Compound surnames (hyphenated or two-word): "Smith-Jones", "van der Berg", "Le Pen". Treat the full compound as the anchor.
Particles: "von", "van", "de", "le", "la", "del". Part of the surname.
Generational suffixes: Jr., Sr., II, III. Non-anchor, useful for disambiguation between father/son sharing a name.

Ambiguous or low-confidence parses

When name structure markers are absent or conflicting:

Single token of unclear origin (e.g., "Mohammed" alone could be many things)
Two tokens with no clear convention markers ("Ali Hassan" — Arabic? Persian? Turkish?
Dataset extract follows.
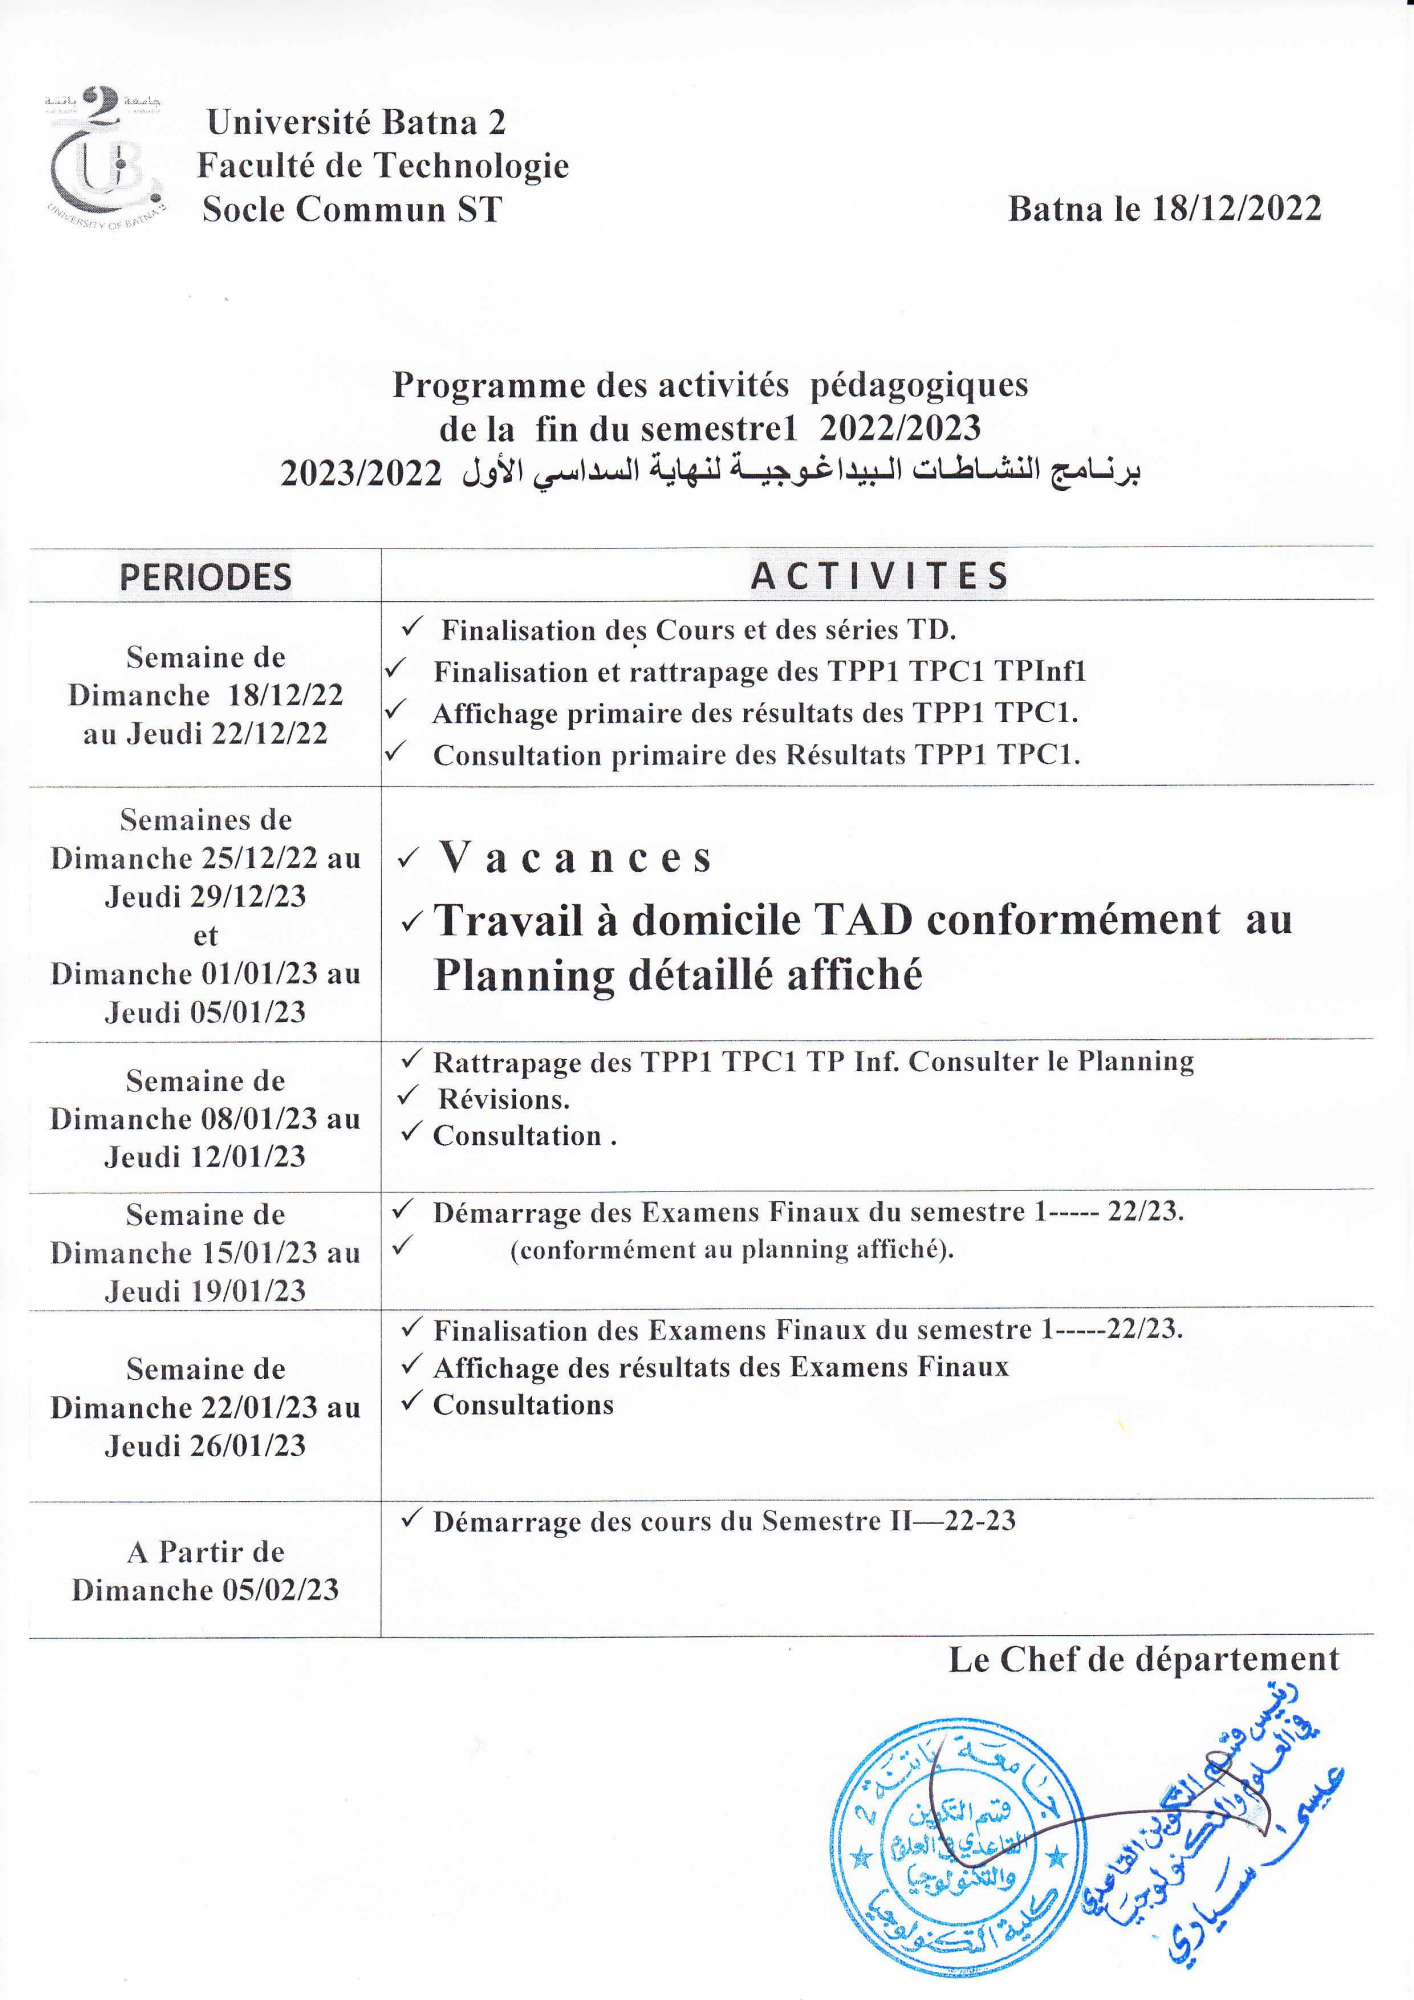 planning_des_activites_pedago_fin_sem1_deb_sem2_2022-2023.jpg

South Asian?)
A name that fits multiple conventions equally well

→ Set naming_convention: ambiguous and parse_confidence: low. The structural-mismatch FP rules (FP-2, FP-6) do not fire on low-confidence parses. Other rules still apply.

How to use this reference

When parsing a name in Tier 0:

Identify likely source language via markers from tier-0-parsing.md.
Look up the relevant convention here.
Apply the anchor / non-anchor decomposition.
Set parse confidence based on how cleanly the name fits the convention.

When evaluating FP-2 or FP-6 in later tiers, the anchor/non-anchor split from Tier 0 is what these rules operate on. The rules don't re-parse the name — they use the parse record.